### Problem description
Within the listing that follows, reproduce exactly the lines starting at the line with "Акумулятор HP Compaq" and ending at the line with "MidMatic mit Trigger Ventilsystem", inclusive, and only those. Pictures are dropped.

### Exercise inputs
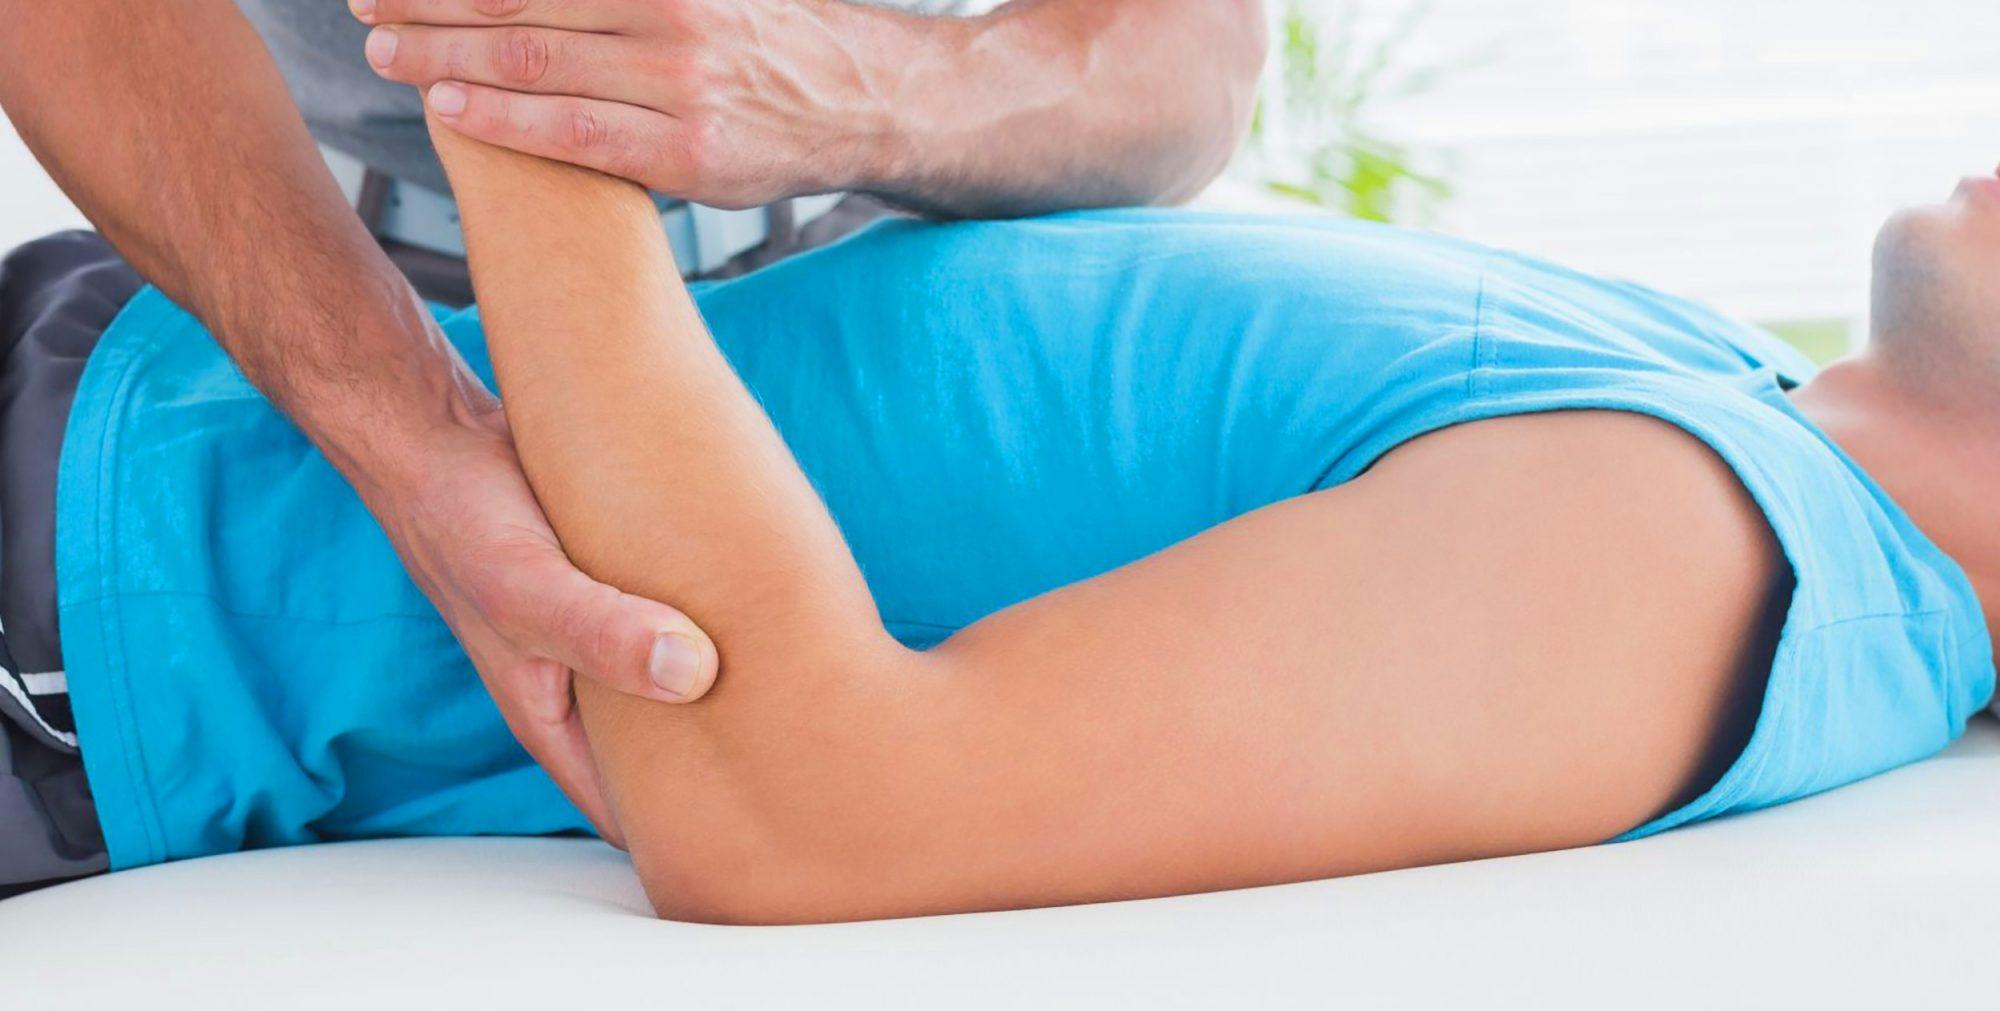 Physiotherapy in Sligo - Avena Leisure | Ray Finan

--

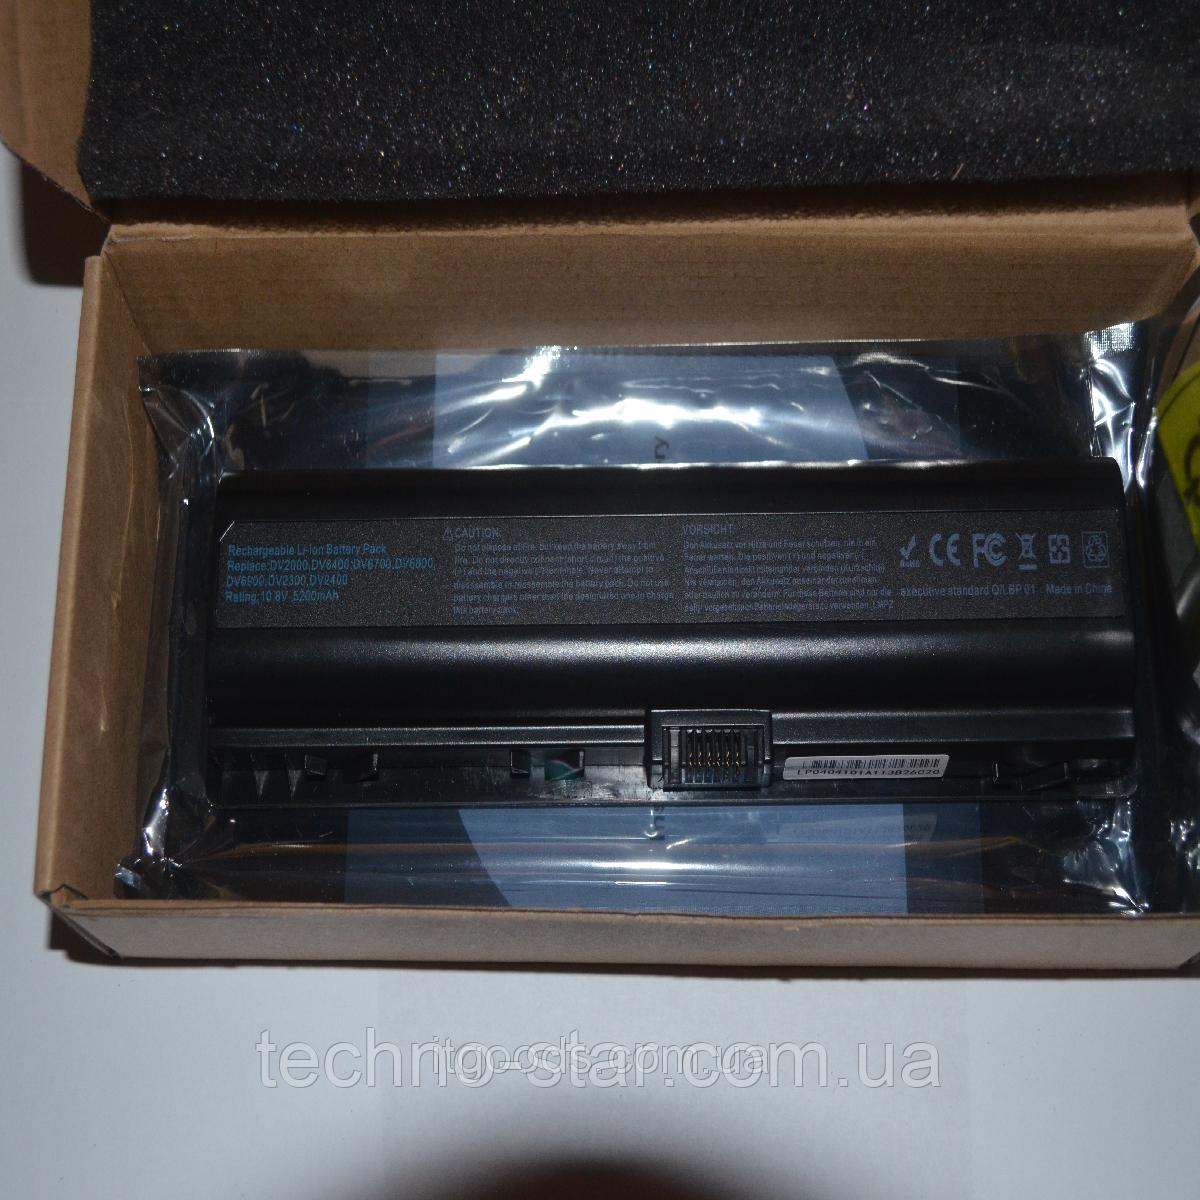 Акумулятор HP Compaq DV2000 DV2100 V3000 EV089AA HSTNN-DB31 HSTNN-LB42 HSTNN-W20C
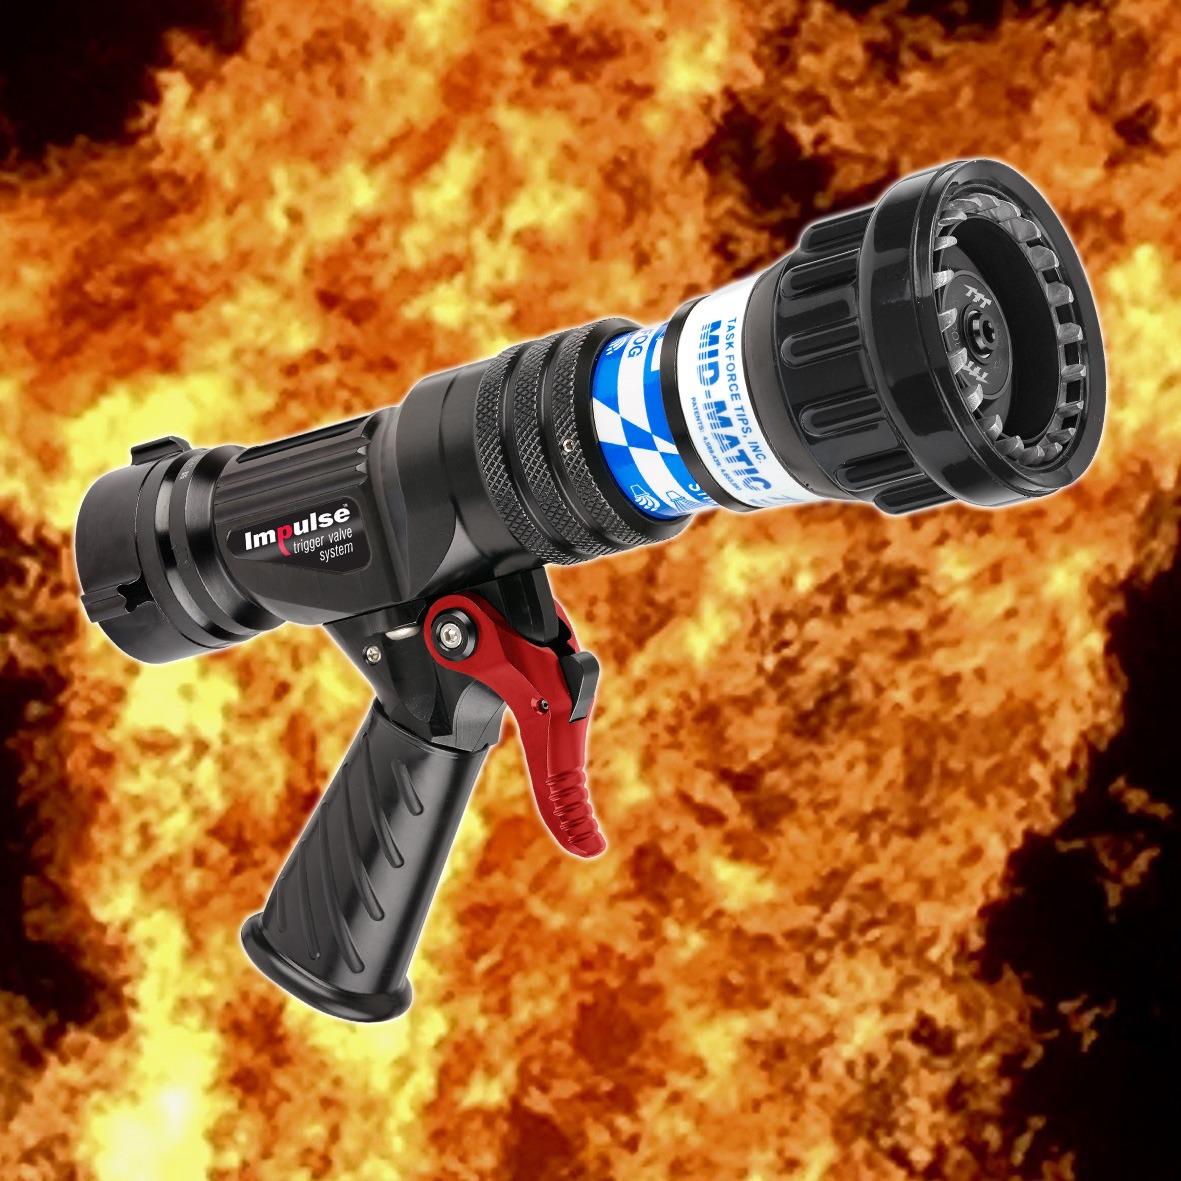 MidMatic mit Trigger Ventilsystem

* * *

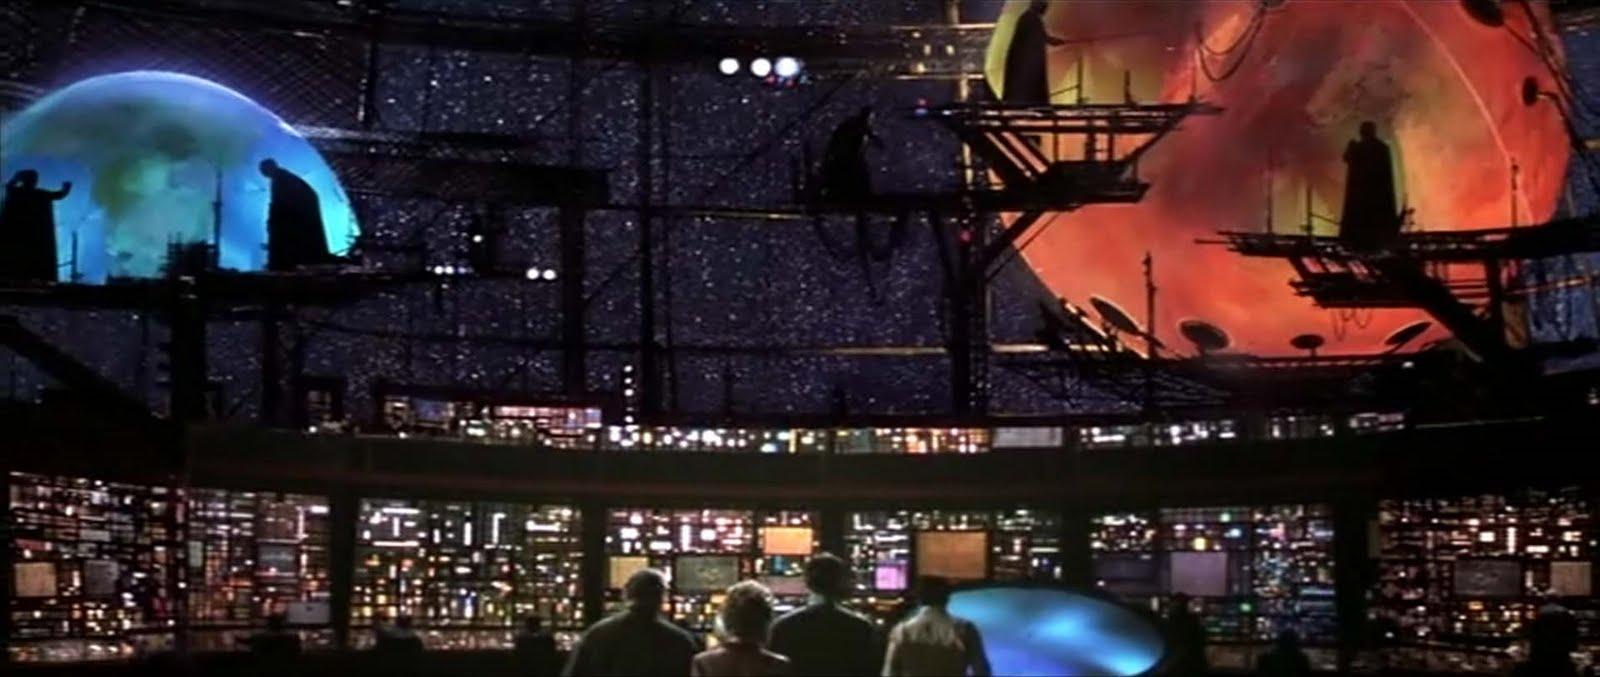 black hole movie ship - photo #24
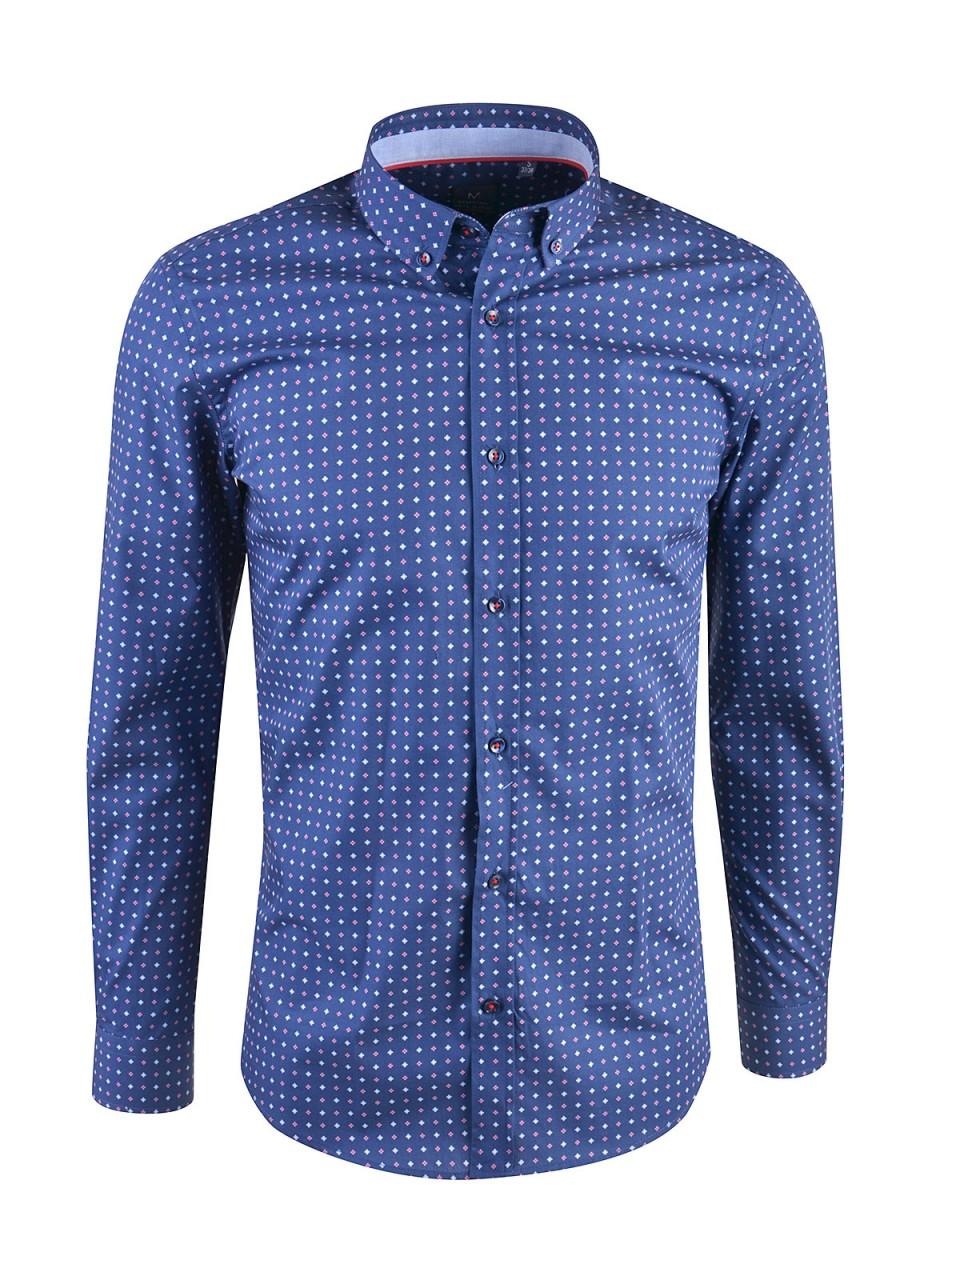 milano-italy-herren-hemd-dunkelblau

### Result of the task
 Акумулятор HP Compaq DV2000 DV2100 V3000 EV089AA HSTNN-DB31 HSTNN-LB42 HSTNN-W20C
 MidMatic mit Trigger Ventilsystem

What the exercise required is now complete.